Ahem… hi… I’m back and I can type (and edit copy) again. Sober Koekie. Drinking is very exciting in my world, it would seem.
So after winding my way home on Friday, I discovered that Boyfriend had gone out without me. How rude. I entertained myself by watching terrible movies like Little Shop of Horrors (Feeeed meeeeee, Seeeymour) and then went to bed/passed out. I woke up to hear Boyfriend coming home and I decided it was as good a time as any to pick a fight… Boyfriend eventually managed to get to sleep, but I remedied that problem by sitting on him, prodding him and telling him to “Communicate… COM-MU-NI-CATE.”
He loves me.
Before heading off to a pool party on Saturday, I flooded the kitchen by opening the washing machine when it hadn’t finished draining. Turns out there’s a lot of water in that little contraption. Ever the baboon, I did the same thing on Sunday morning.

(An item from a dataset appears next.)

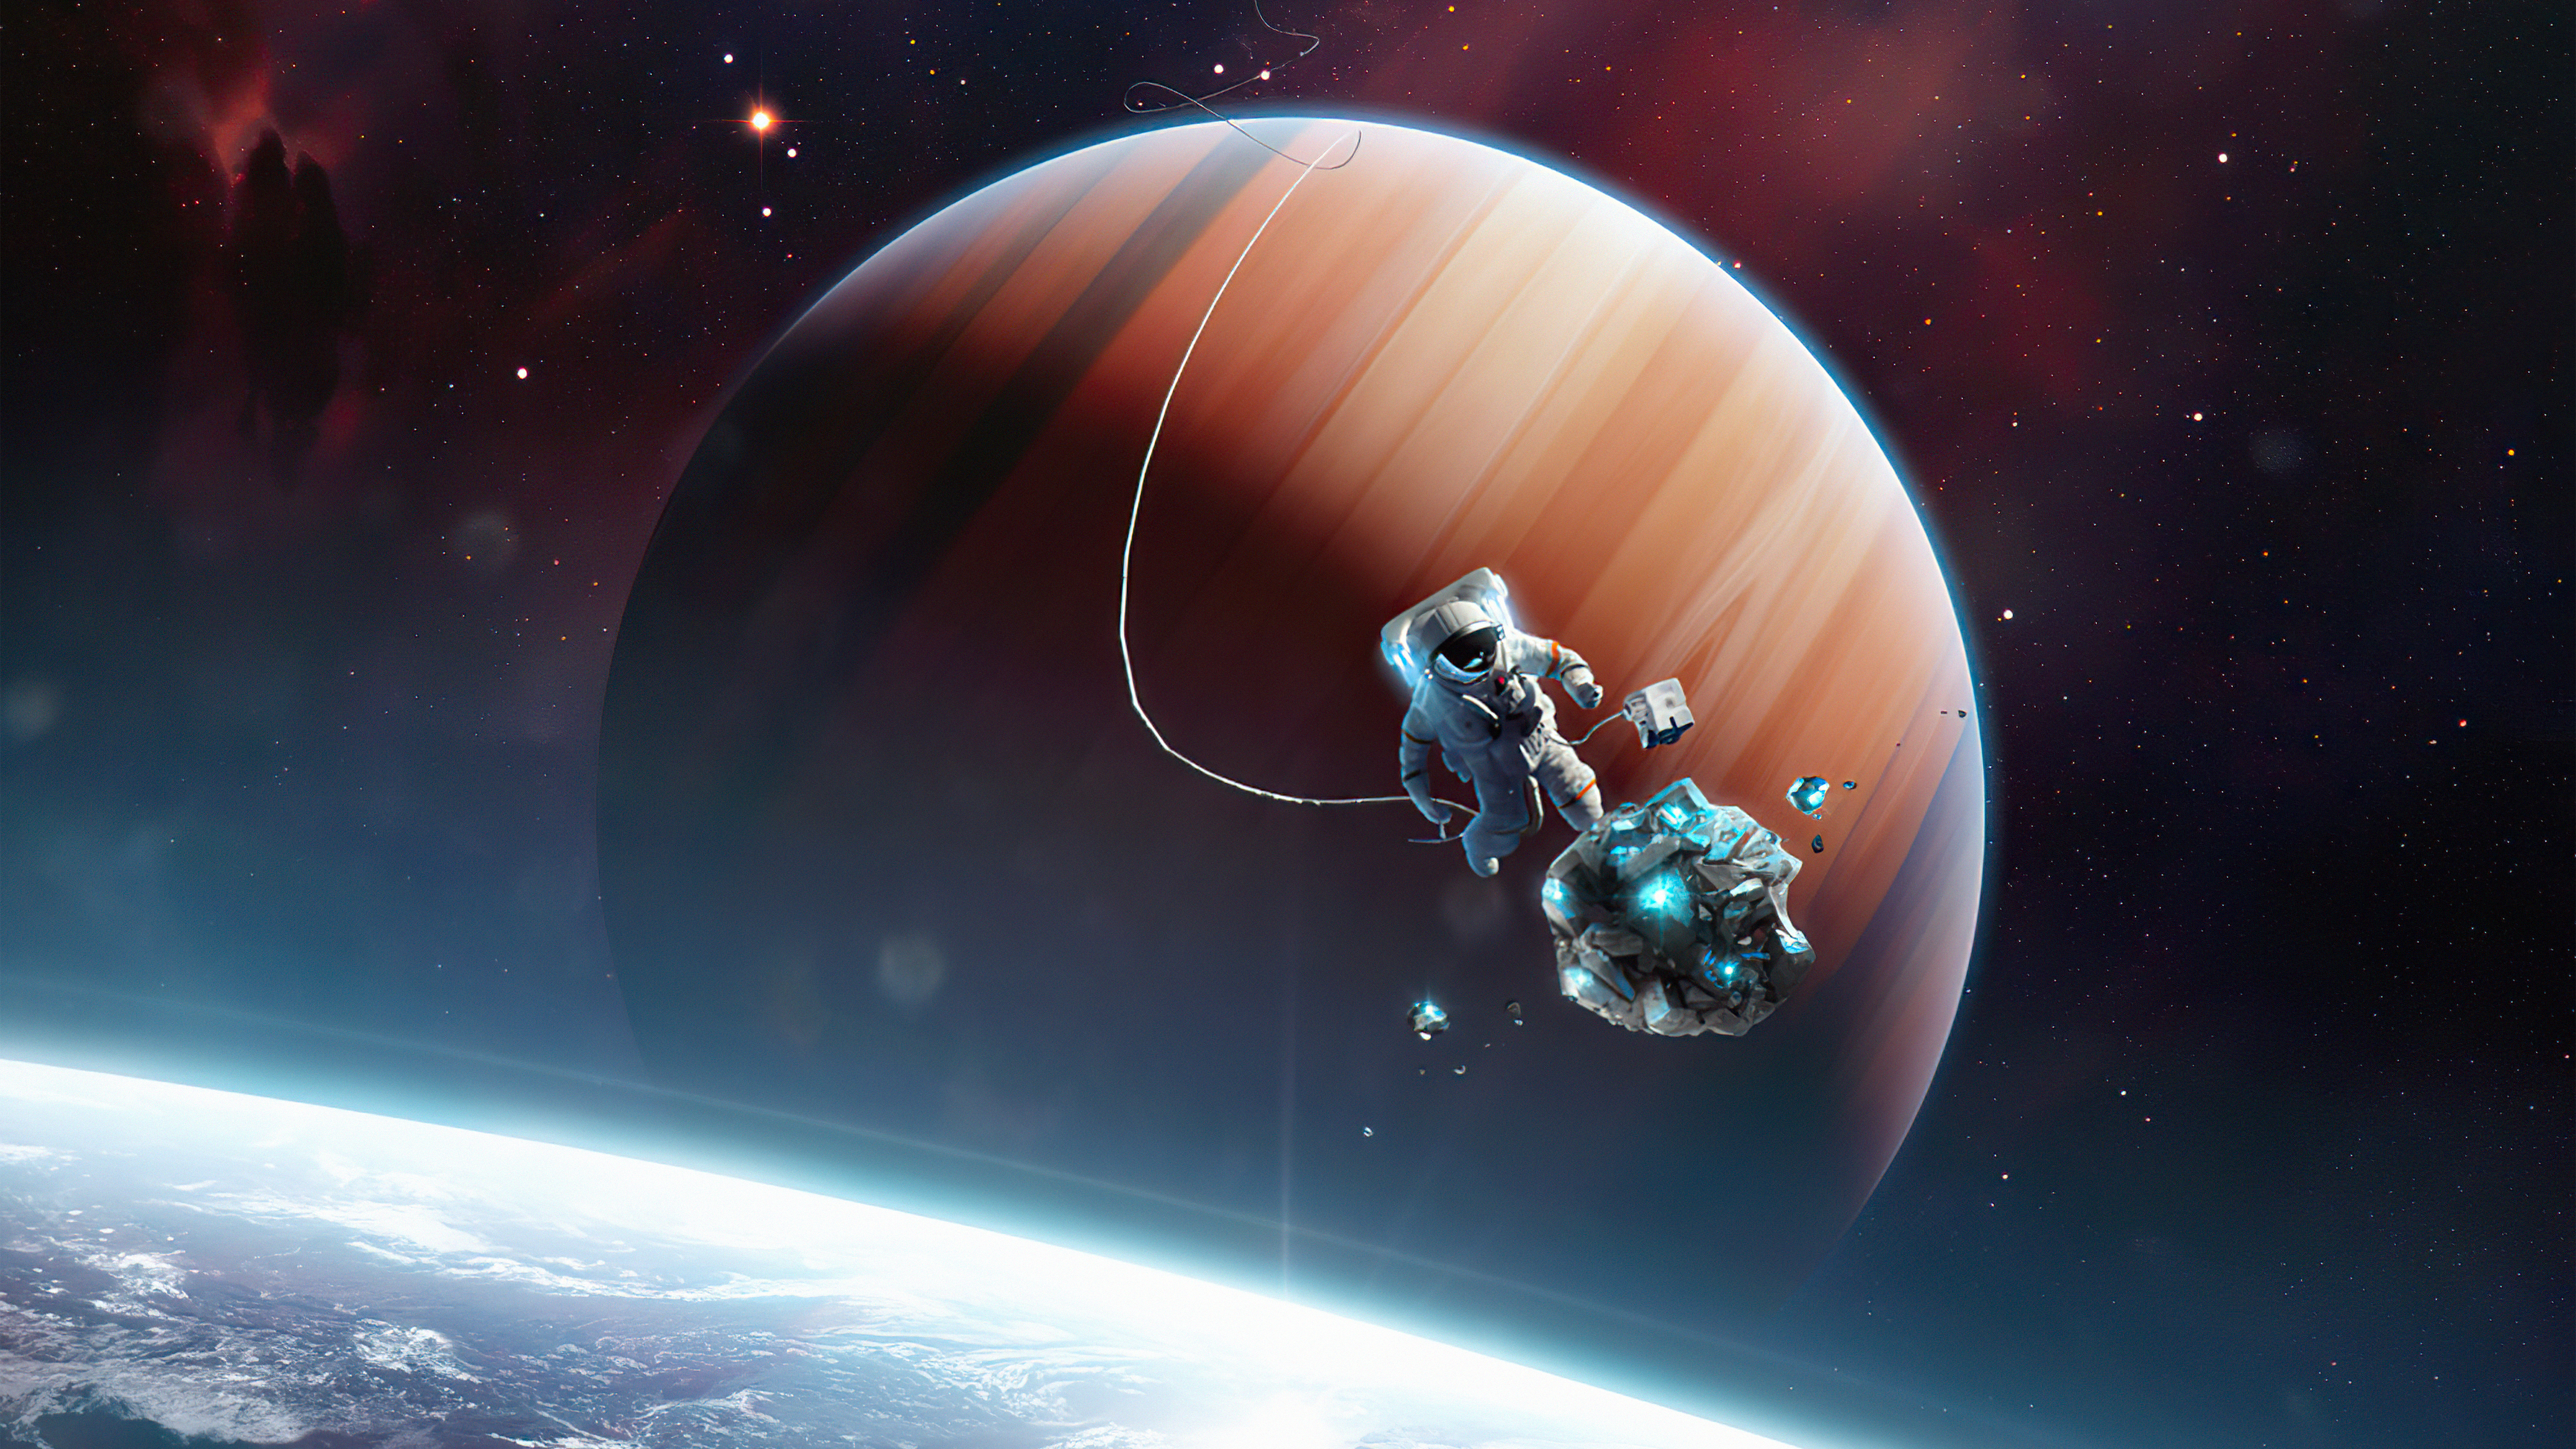 Wallpapers astronaut planet digital art on the desktop

Omigosh… I was going to move on from Sunday, but here comes the rant session. Why do people breed if they have no inclination to raise the offspring? See, we went to the Bot Gardens yesterday. Lovely day, chilling in the park…

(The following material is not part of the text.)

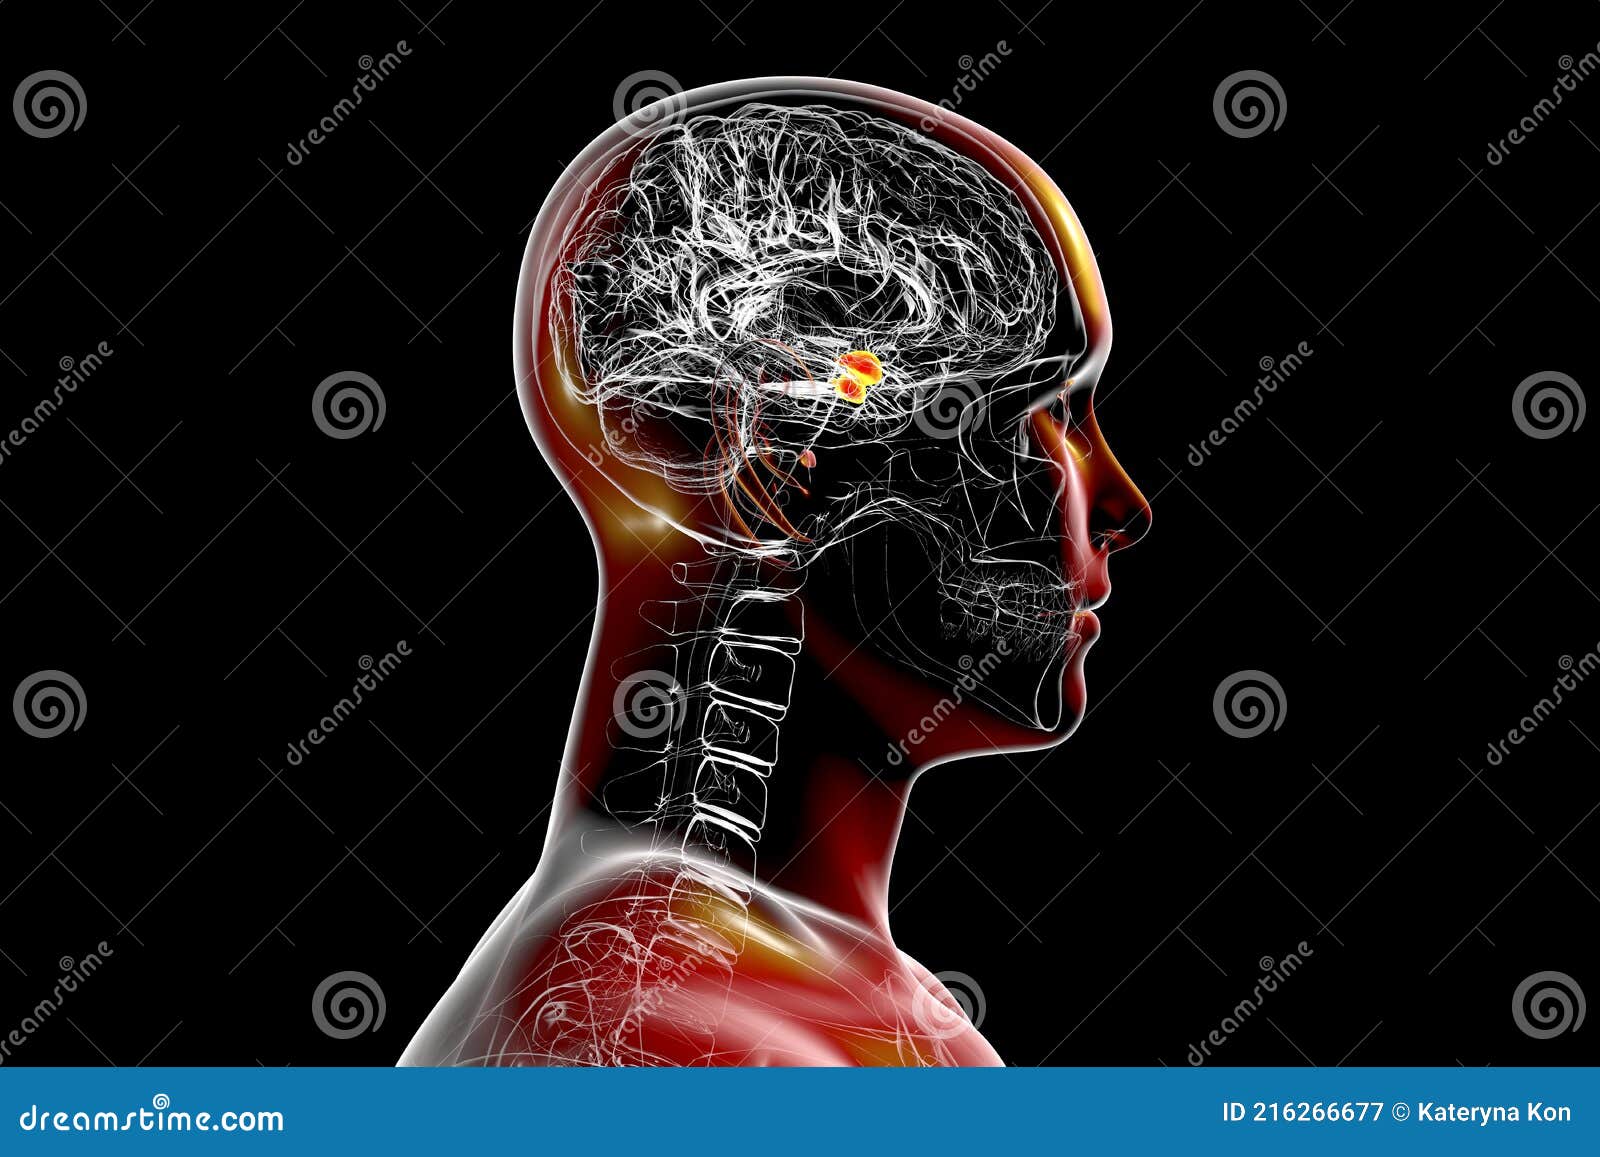 amygdala, also known as corpus amygdaloideum, in the brain

Until Fat Mamma and her beeyatch arrived. Fat Mamma and Hubby had four children – the oldest was about 5, the youngest was about 6months old. You do the maths.
The kids names were Luke, Joshua, (something indistinguishable) and Screaming baby. I know because the couple spent most of their morning going, “Luuuuuuuke, come back here! Josh… Josh! No, get off that!”

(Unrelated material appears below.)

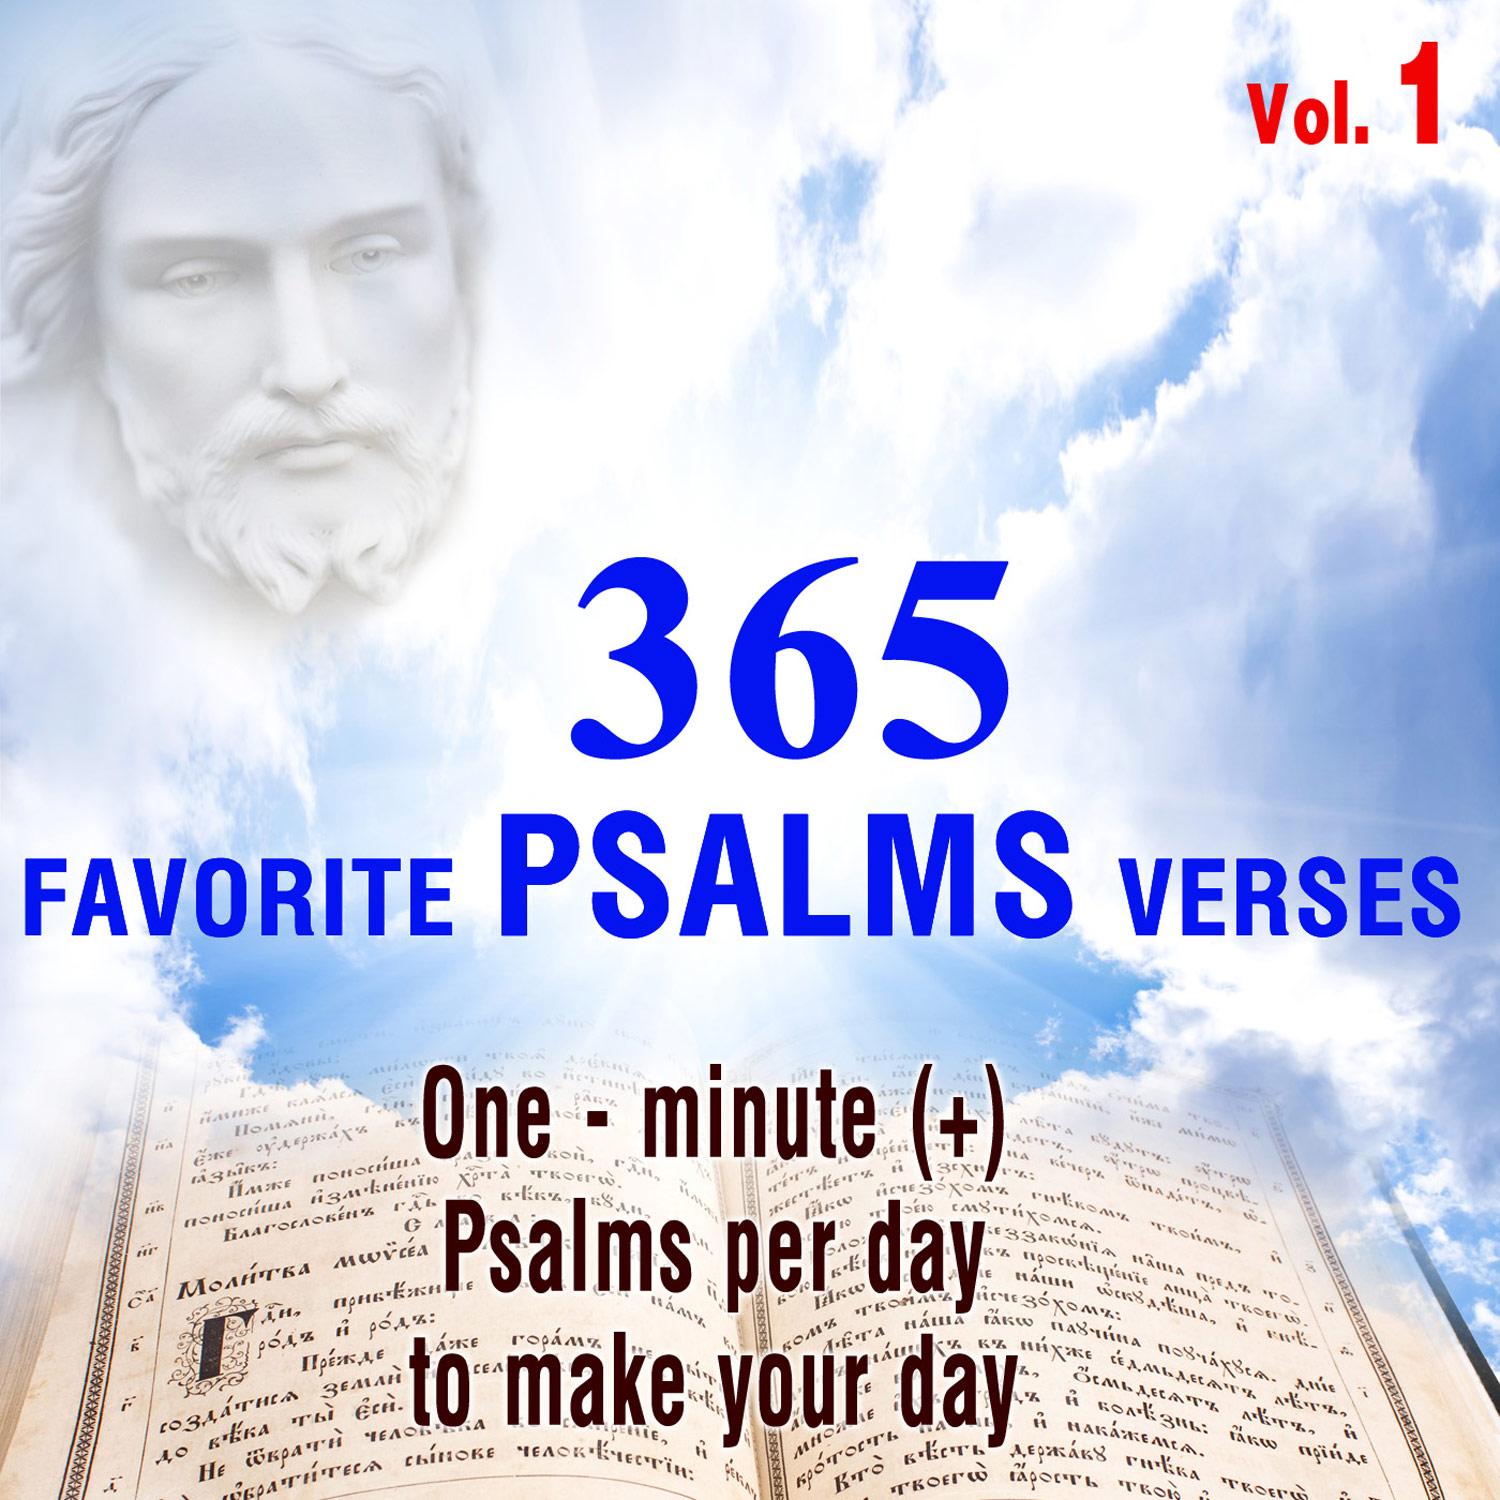 Psalms No. 103

It was mostly Fat Mamma sitting on her ass at the top of the hill screeching, while her Bitch ran around at the bottom of the hill trying to gather a toddler under each arm. In a way, I’m grateful that Fat Mamma stayed at the top of the hill, because had she moved the recovering 2004 tsunami victims may have felt the repercussions.
You might have noticed, I don’t like young kids and I REALLY don’t like people who can’t control young kids. At one stage, precious Luke actually came and stared at me from behind a tree about 30cm away. I felt a similar revulsion to when I stand on a squishy bug – but this could have been due to the smell that was exuding from dear Luke’s nappy. Think Roald Dahl’s The Witches… I have a similar aversion to children. Especially badly behaved ones.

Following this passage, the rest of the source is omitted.